OK, so they sacrificed sex to get there, but if the human population is a problem in itself, that could be seen as a good thing. Sustaining bad ideas and sorry institutions is not necessarily a good thing if they are in fact the source of the problem. There is deep wisdom in Shaker madness, wisdom I think we should emulate insofar as it is appropriate to our current situation—which I maintain is a fairly close match to that of their day. Hardship unto the threat of death was always at the gate of a Shaker Village. Yet they persisted by making the most of what they had in the time available to them. We, on the other hand, are more profligate, doing precious little with our vast stores of wealth, wasting much of it on gadgetry, glitzy trinkets, and empty entertainment—as if spending money gauged the meaning of life.
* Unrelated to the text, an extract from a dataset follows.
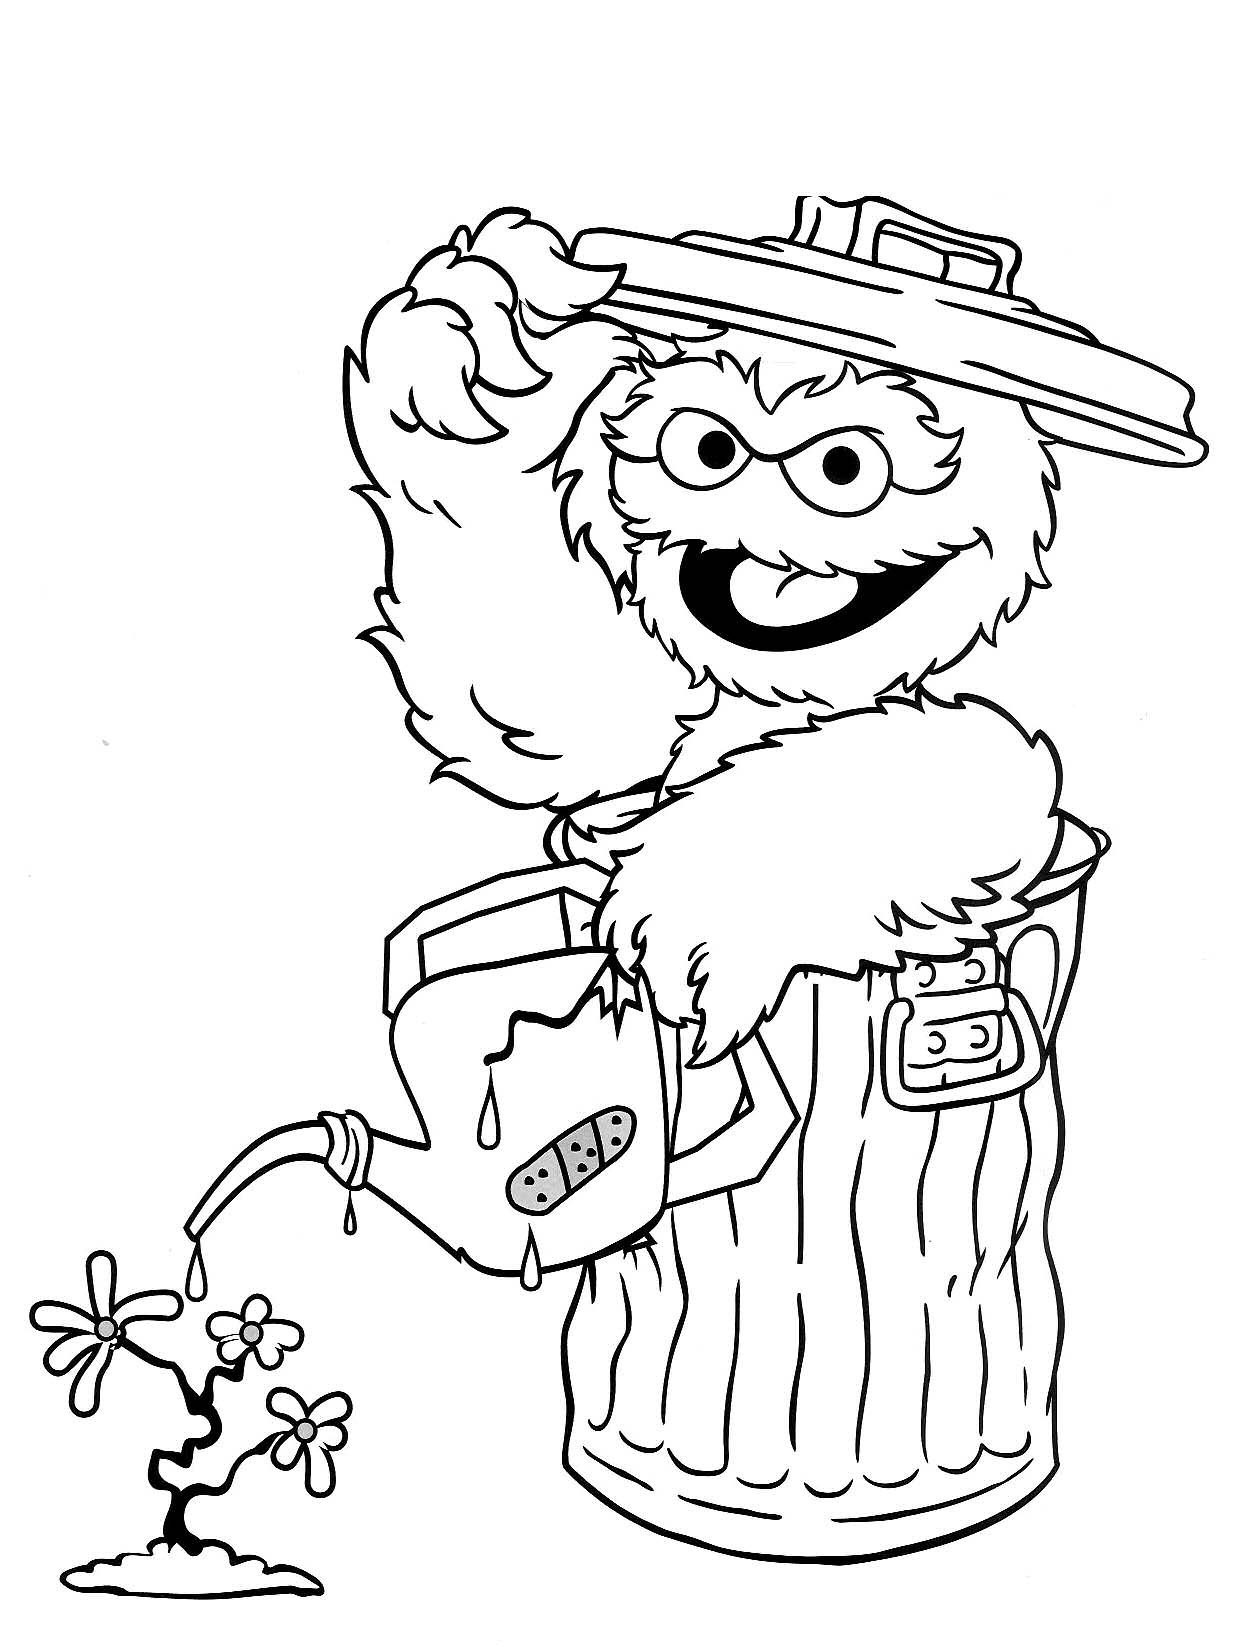 Coloring pages sesame street coloring sheets for kids pictures free printable abby cadabby pages

Where Shakers made the most of their conscious hours, we seem to pride ourselves in taking as much time as we can to do as little as possible. Worker productivity is said to be up, but productivity of what? Most of it turns out to be nonsense rebundled in tinsel to bilk investors of their retirement funds. Our consciousness is spinning its wheels, seeing if there’s anything good on the tube or the Web when, all the time, what counts is what’s in us already: consciousness, evolution’s gift to us all, which we can’t seem to get the hang of.

Removing themselves from the vanities of the civilized world, Shakers staked their lives to the soil, not to fashion. We have chosen the other road, preferring vanity over nature—to sorry effect. Our world runs on image and influence, not energy coursing through the seasons, which Shakers knew how to harness. Yet we thrive and Shakers shrivel. Our world is surely powered by irony, that of the Shakers by simple self-knowledge. Which seen in the right light is our failure, not theirs.